(12/23/2014, 11:31 PM)tommy1729 Wrote: ....function \( g(x) \) for which every real iterate \( g^{[t]}(x) \) " works " is found , though it might not be as nontrivial as mick hoped. ( not saying a nontrivial case cannot exist ).
...
\( f_x(t) = x - 2^t / x \)
\( f_x(f_x^{[-1]}(t) + 1) \)
=> \( x - 2^T / x \) with \( T = f_x^{[-1]}(t) + 1 \)
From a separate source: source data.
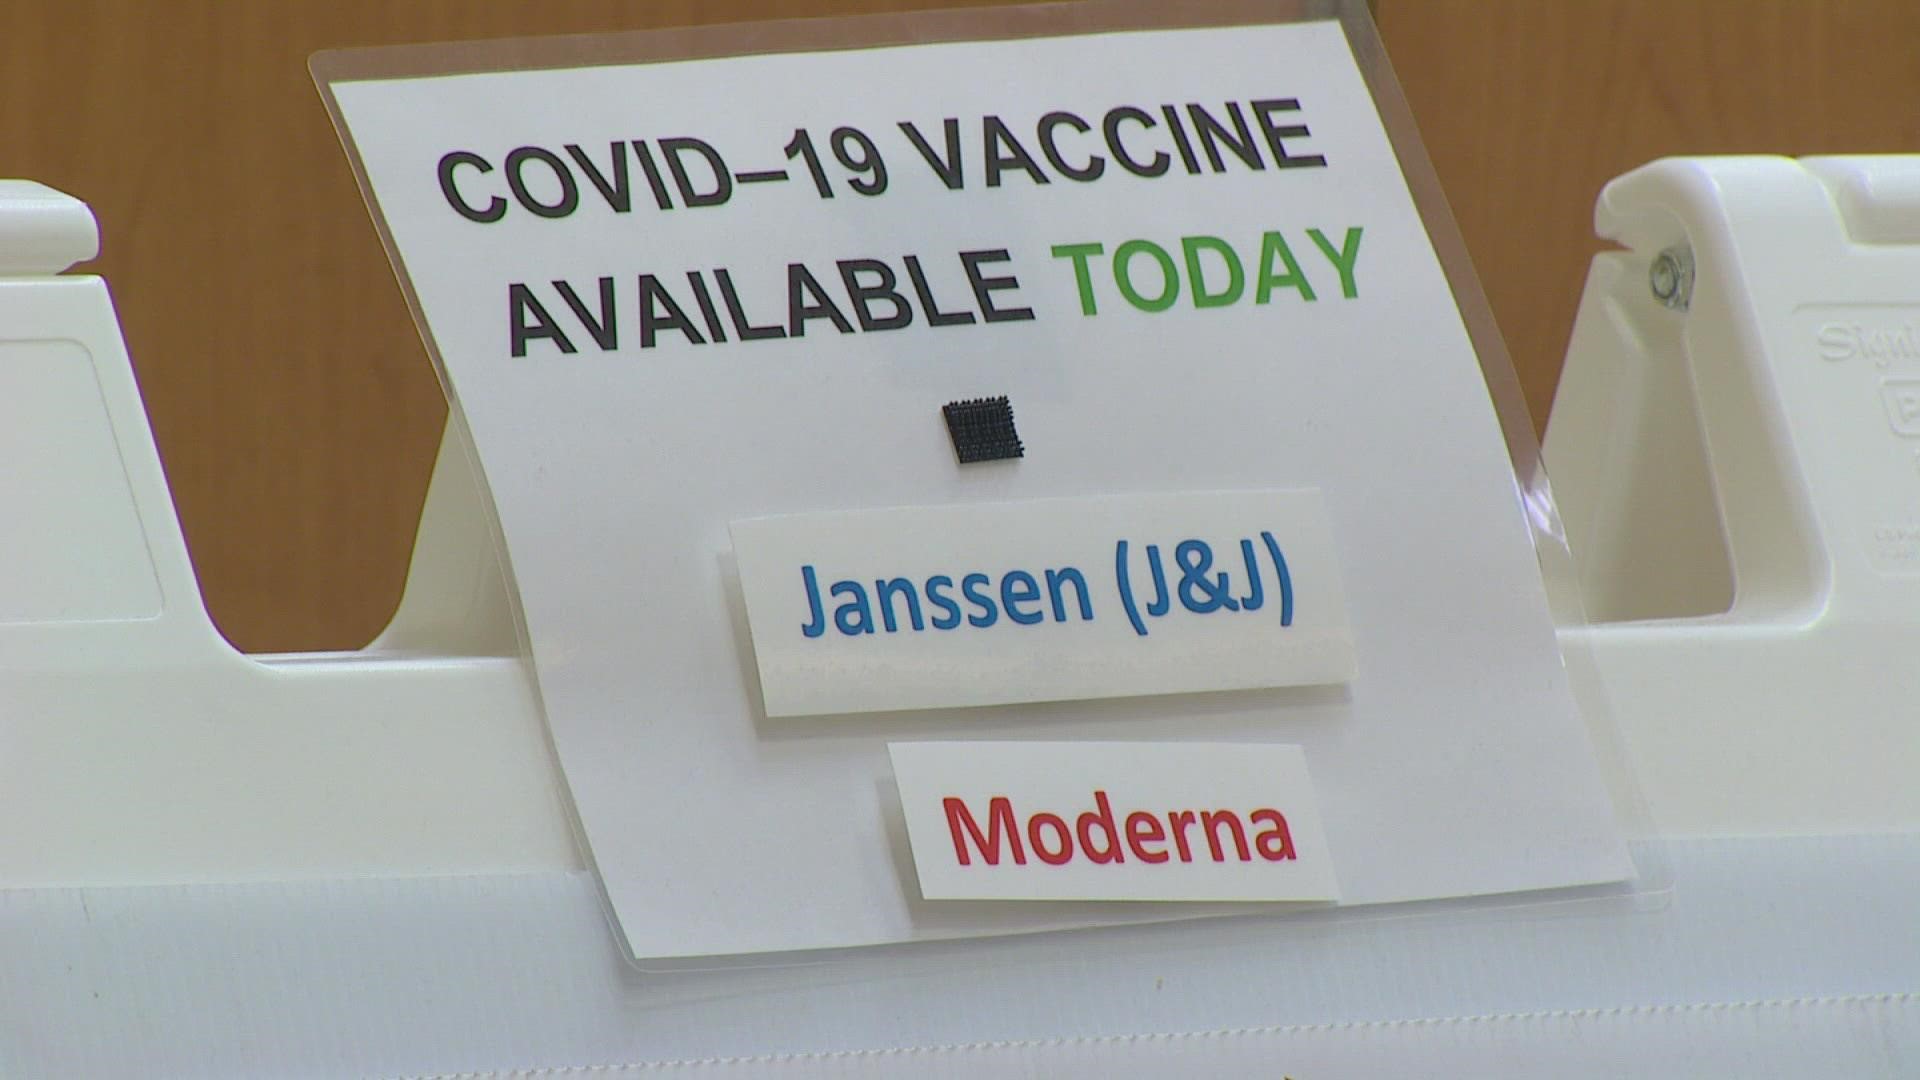 Vaccine rates for this week were 21% higher than the week before and 34% higher compared to two weeks ago, according to DOH data.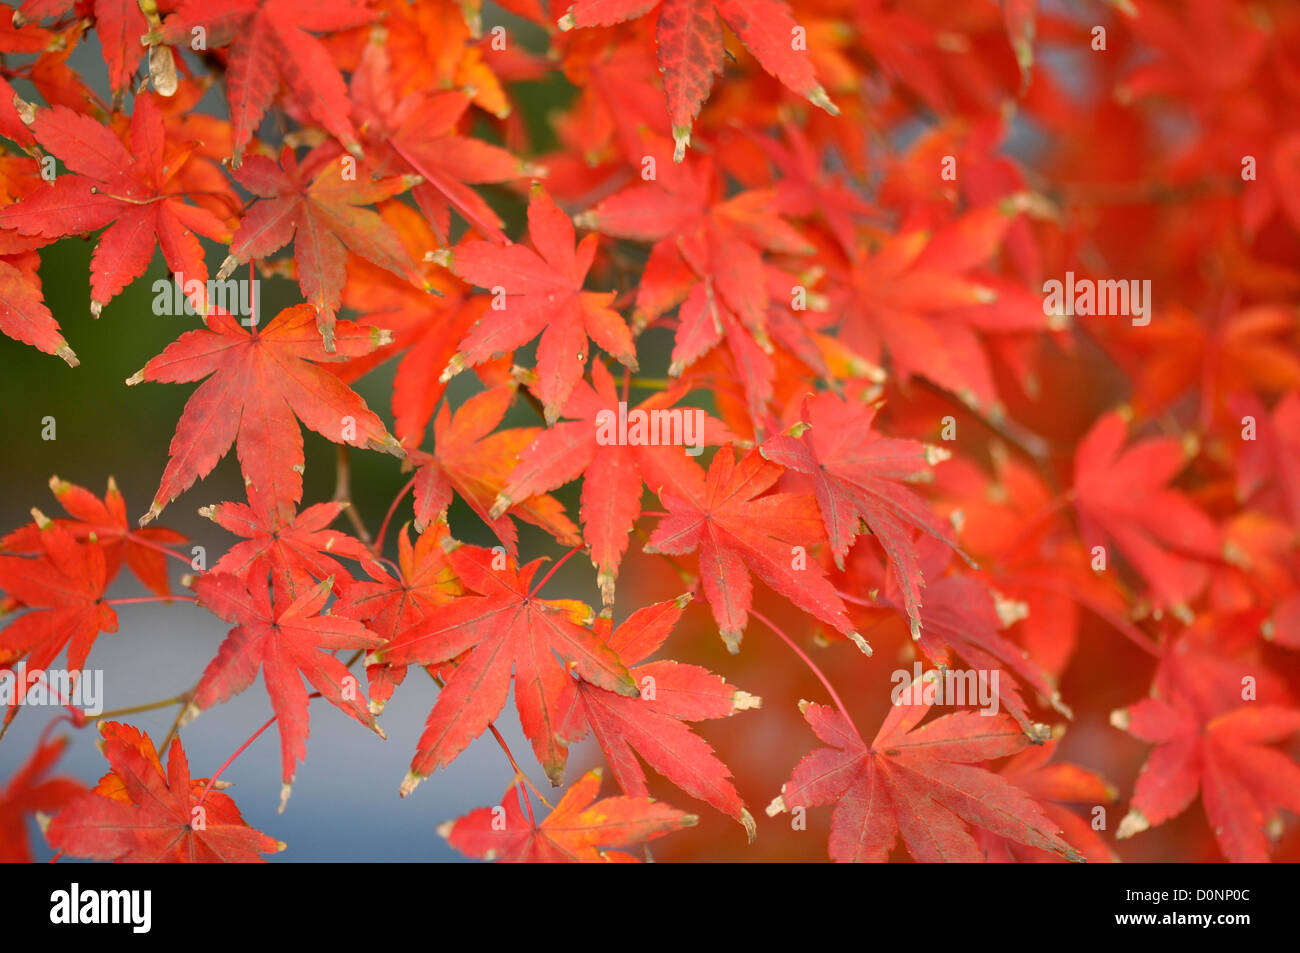 Maple leaves in red autumn color, close-up, Nagano, Japan Stock Photo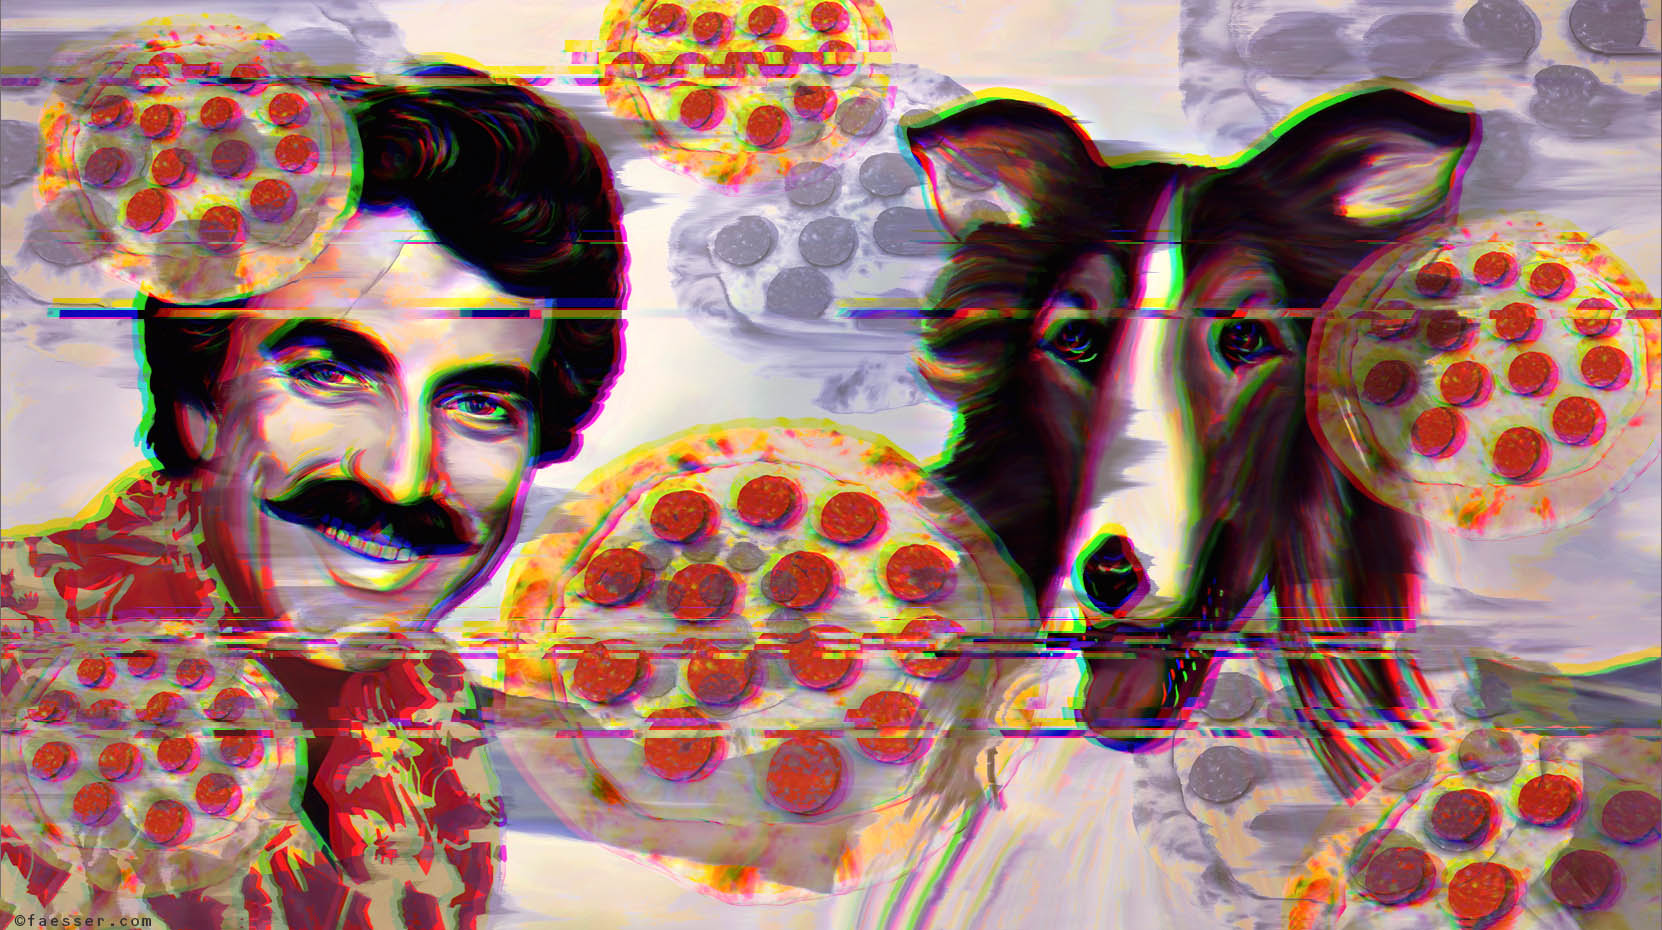 Tom Selleck and Lassie united in a pizza storm; artist Roland Faesser, sculptor and painter 2021

=> \( x - 2/x * 2^{f_x^{-1} (t)} \)
=> \( x - 2/x * Solve(q,x - q/x = t) \)
Solve .. => \( q = x(x-t) \)
Thus :
\( x - 2/x *x(x-t) = x - 2(x-t) = x - 2x + t = -x + t \)
....
Hey Tommy,
Not sure I understood all of that ... But it inspired me to consider the following sequence of functions
\( f(x)=x-\frac{1}{2x}\;\;\; g(x)=f^{o2}(x) \)
\( f(x)=x-\frac{1}{4x}\;\;\; g(x)=f^{o4}(x)\;\;\; \)
\( f(x)=x-\frac{1}{8x}\;\;\; g(x)=f^{o8}(x)\;\;\; \)
\( f(x)=x-\frac{1}{16x}\;\;\; g(x)=f^{o16}(x)\;\;\; \)
...
\( \lim_{n \to \infty} f(x)=x-\frac{1}{2^nx}\;\;\; g(x)=f^{o2^n}(x) \)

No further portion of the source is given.